Delivering a show-stopping performance, the queen of soul belted out a fantastic mix of classics and soon-to-be hits; a performance of her newest song, ‘Middle of Love’; a poignant rendition of ‘Switch on your Radio’ by the late Maurice White; before getting everyone up off their seats and dancing along to ‘Gold’.

Boasting a performance that had me singing all the way home, Beverley Knight made a welcome return to the music scene and was a definite highlight of the week.

Meanwhile, over at the stylish Cheltenham restaurant, No. 131, SoGlos was enjoying the Ultimate House Party, with the likes of BBC’s Jo Wiley, Guy Garvey and Trevor Nelson on the decks; local boys, Thrill Collins, providing some live music; while Nespresso’s delicious martinis had partygoers dancing until all hours.


Ending the festival on a high, the Big Top was bursting with eager music fans, ready to catch the jazz extraordinaire, Jamie Cullum, who was supported by the smooth sounds of Nashville-based Kandace Springs, who performed a number of songs touching on soul, jazz and pop from her debut album, Soul Eyes.

Audiences were well and truly warmed up before the festival’s artistic curator, Jamie Cullum, made a grand entrance to rapturous applause, before performing an impressive set of seemingly improvised yet carefully constructed songs.

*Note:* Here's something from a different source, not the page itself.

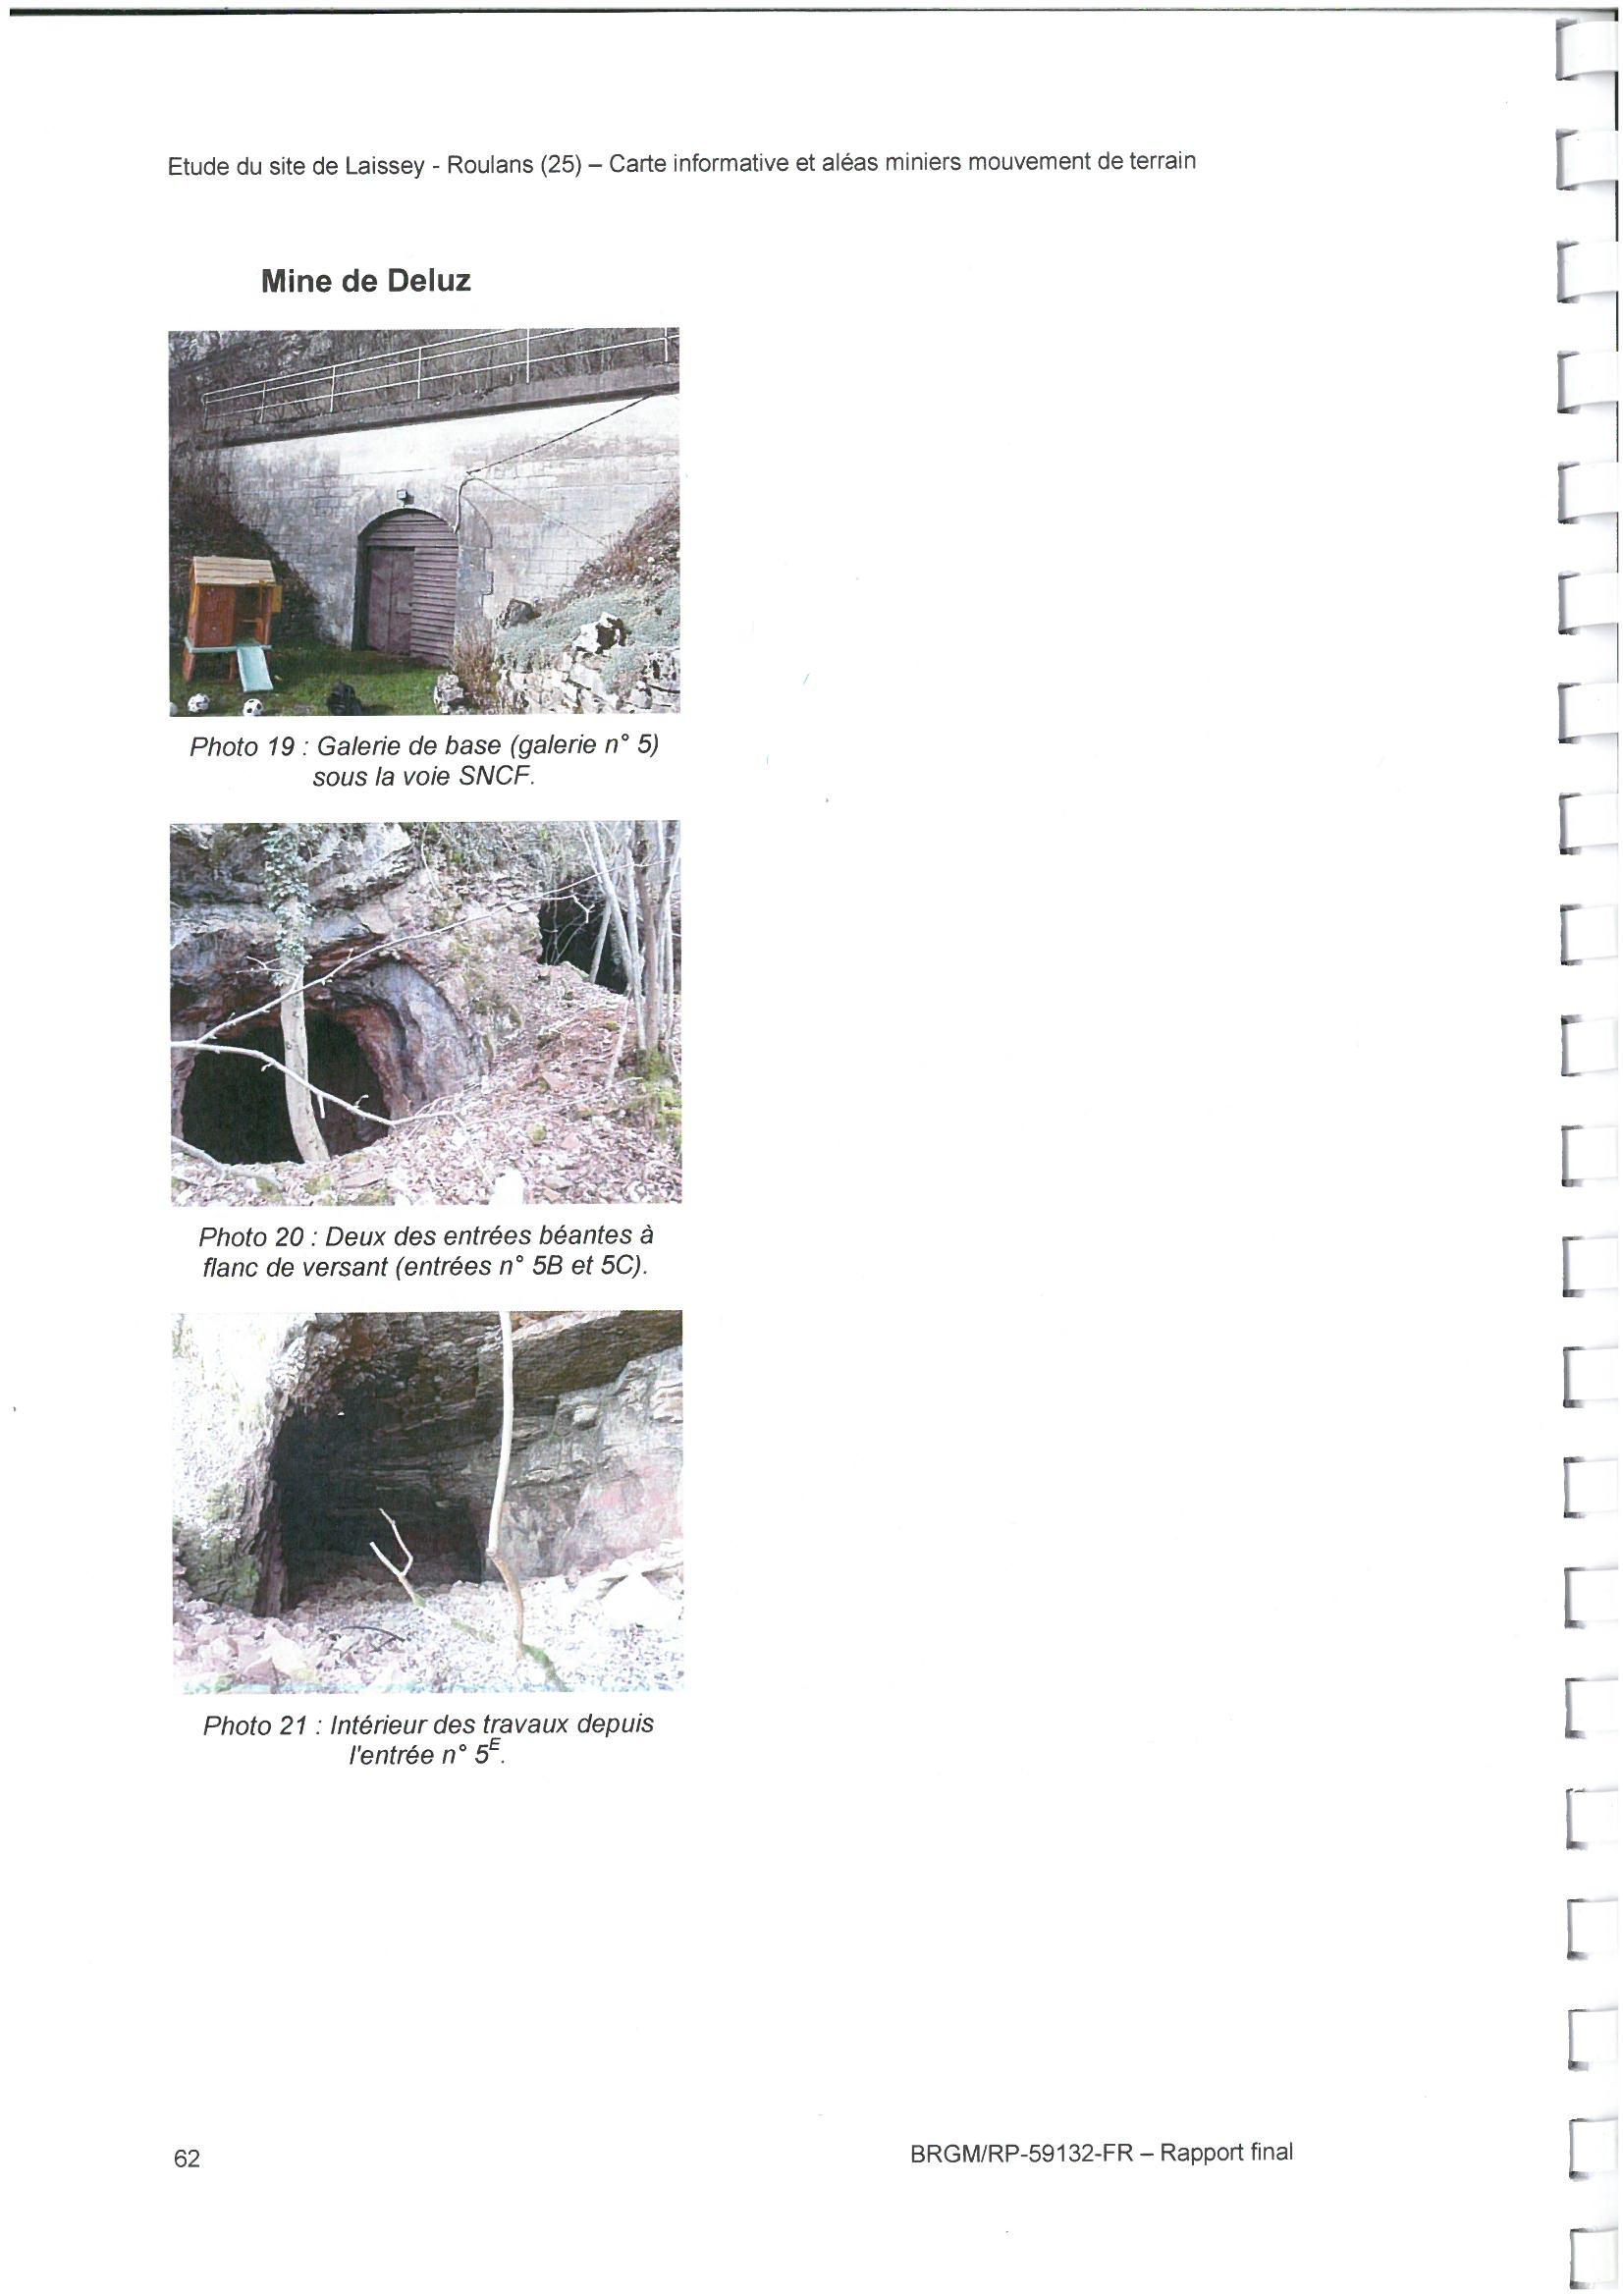 mines-photos-4
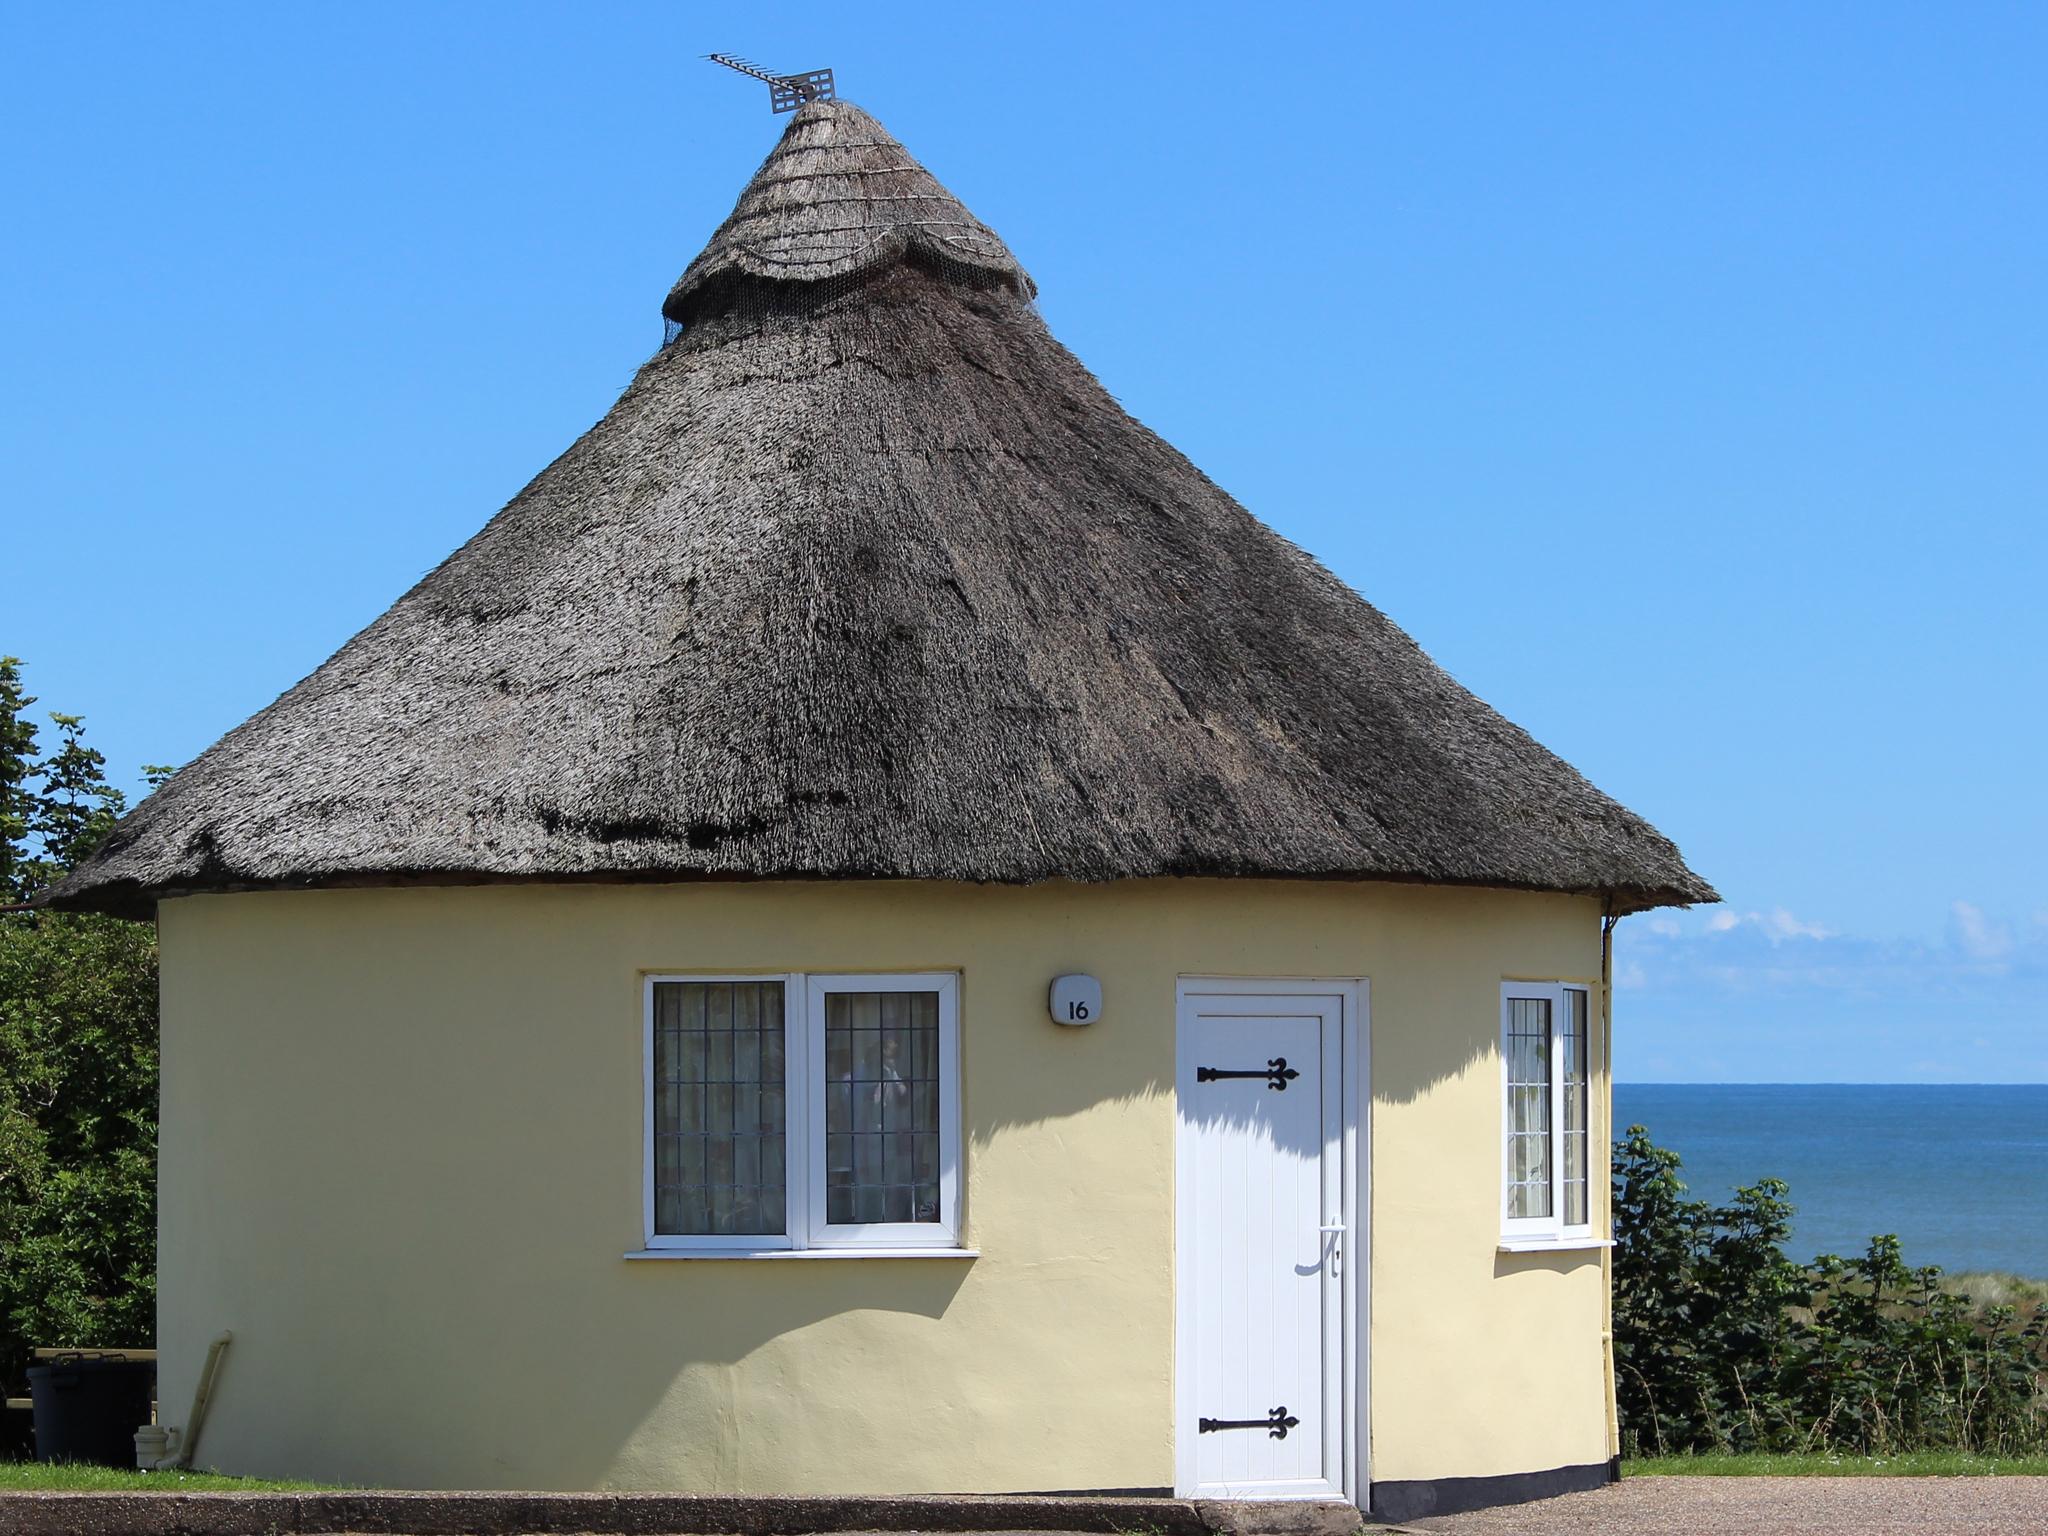 17 reasons to visit Norfolk

Ever the frontman, Jamie Cullum delighted audience members by jumping off his Yamaha grand piano; walking into the crowds and singing to audience members; and even providing some beatboxing while plucking away at the piano strings.

Demonstrating impressive multitasking skills, Jamie’s impressive band swapped between instruments almost effortlessly, with Loz Garratt on bass and vocals, Brad Webb on percussion, Tom Richards on keyboard, percussion and saxophone, and Rory Simmons on guitar, trumpet and percussion while looping sounds too.

Catering for all music-lovers, Jamie performed a jazzed-up mashup of Kanye West’s ‘Gold Digger’ and Snoop Dogg’s ‘Drop It Like Its Hot’, before a fantastic rendition of Rihanna’s ‘Please Don’t Stop the Music’, which felt especially relevant on the festival’s last night.

With little persuasion, audiences were up on their feet and clamouring to get nearer to the front for the last few songs, with Jamie ending the festival with his greatest hits, ‘Pure Imagination’ and ‘I’m All Over It’, before the festival was in fact, all over, at least for another year.

An annual highlight time and again, the Cheltenham Jazz Festival is a truly spectacular musical celebration, uniting visitors of all ages and even inspiring guests to pick up a new instrument. Who knows, maybe they’ll be performing at next year’s event?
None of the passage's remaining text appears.